Secretary Clinton isn't making headway with the Chinese over the South China Sea:
Clinton had arrived in China from Indonesia, where she urged Southeast Asian nations to present a unified front in dealing with Beijing in attempts to ease rising tensions in the South China Sea. China and a host of Southeast Asian countries, including the Philippines, Vietnam and Brunei, have overlapping claims to several small but potentially energy-rich areas of sea, reefs and islands.
The U.S. wants China and the other claimants to adopt a binding code of conduct for the region, along with a process to resolve maritime disputes without coercion, intimidation or the use of force.

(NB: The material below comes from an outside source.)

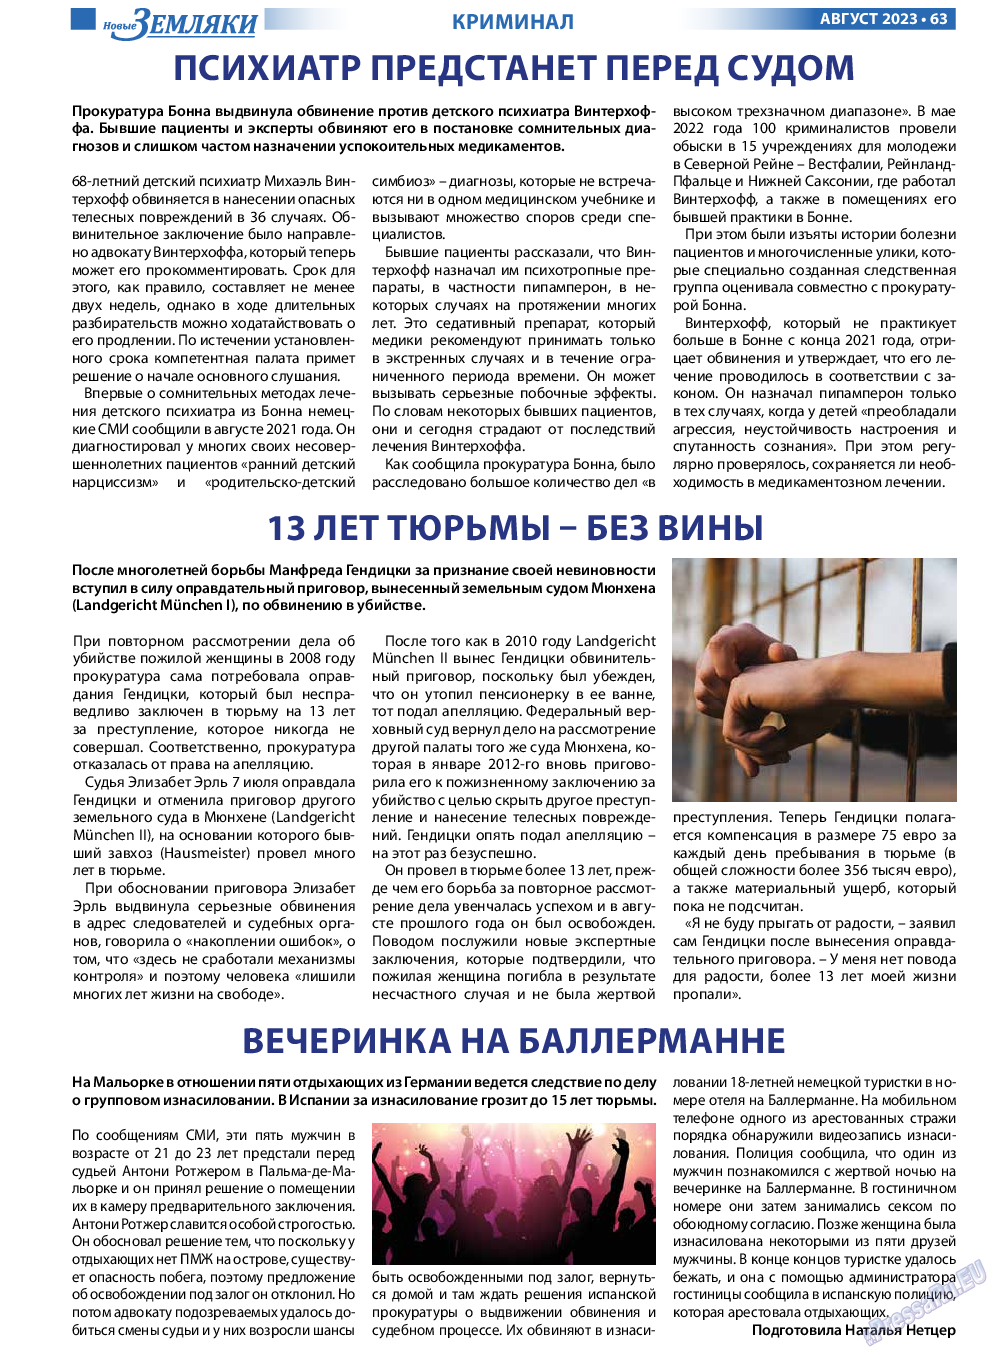 Новые Земляки, газета. 2023 №8 стр.63
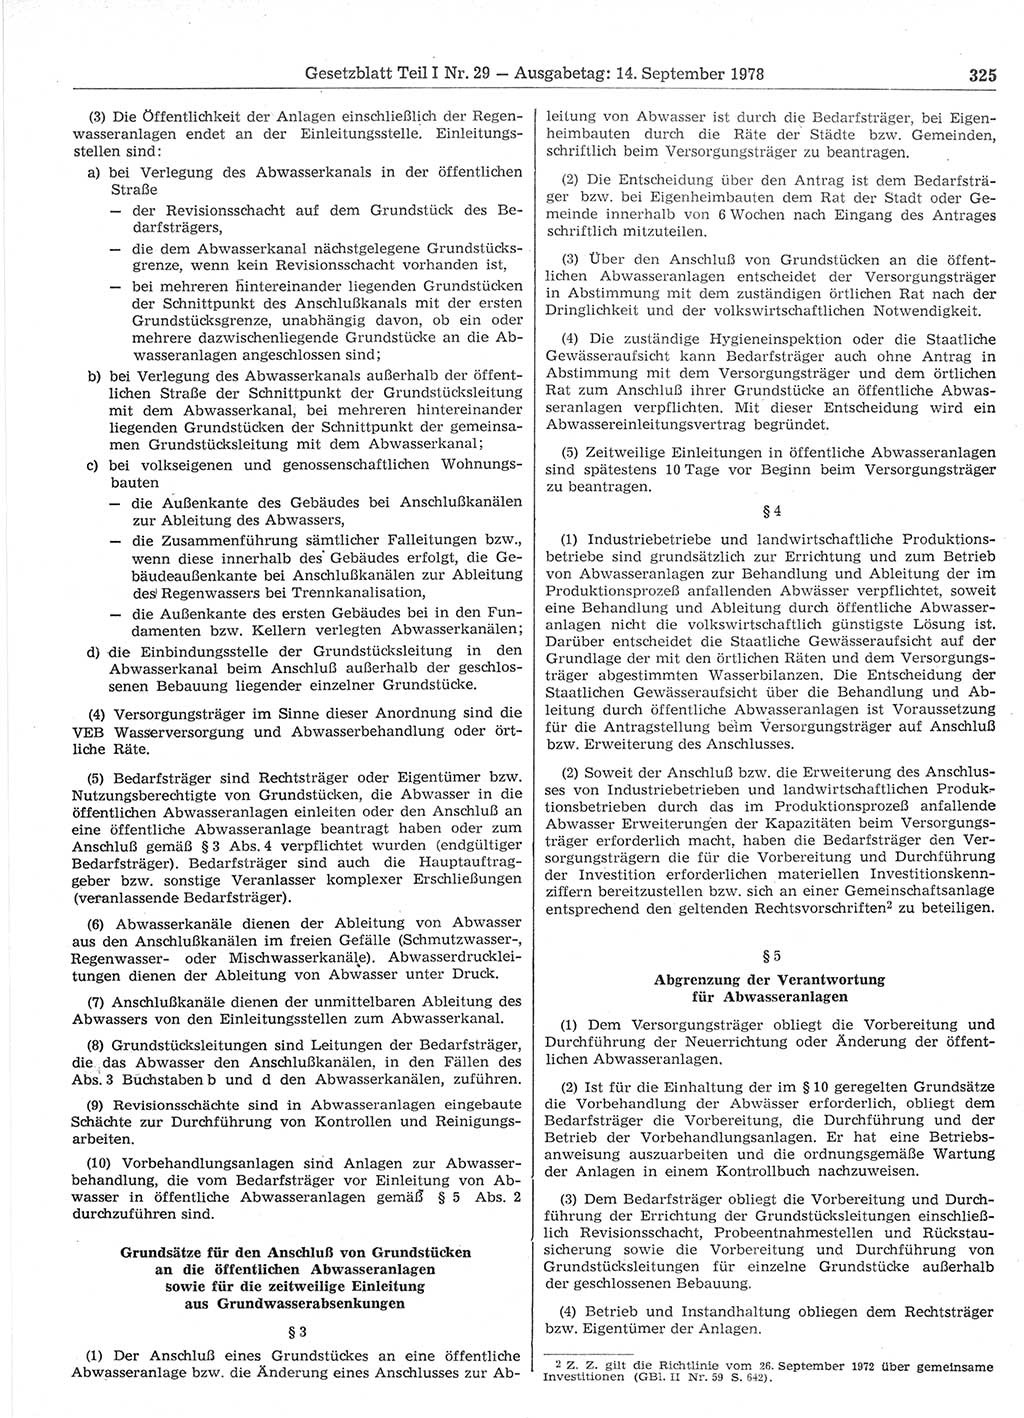 Gesetzblatt (GBl.) der Deutschen Demokratischen Republik (DDR) Teil Ⅰ 1978, Seite 325 (GBl. DDR Ⅰ 1978, S. 325)

Clinton wants the Chinese to drop their insistence on settling conflicting claims with individual nations and instead embrace a multilateral mechanism that will give the smaller members of the Association of South East Asian Nations greater clout in negotiations. She said she wanted all sides to make meaningful progress by a November summit of East Asian leaders that President Barack Obama plans to attend in Cambodia.
We aren't going to get the Chinese to agree to multilateral talks given the insistence in Peking that it is all their territory--end of story.
If the other states with claims in the South China Sea pledge with each other in a binding treaty to openly deal with China one-on-one but to not ratify their individual settlement treaties until all countries that need to make deals have concluded deals--and that the refusal of any one party to agree means that all agreements fail--then China loses the ability to pressure one state to unravel a united front.
Something needs to be done. In the past, when China had little military ability to make good on their claims, doing nothing was a reasonable strategy. But failure to get something on paper to settle claims means that one day the Chinese will use force--again--to settle the claims in their favor.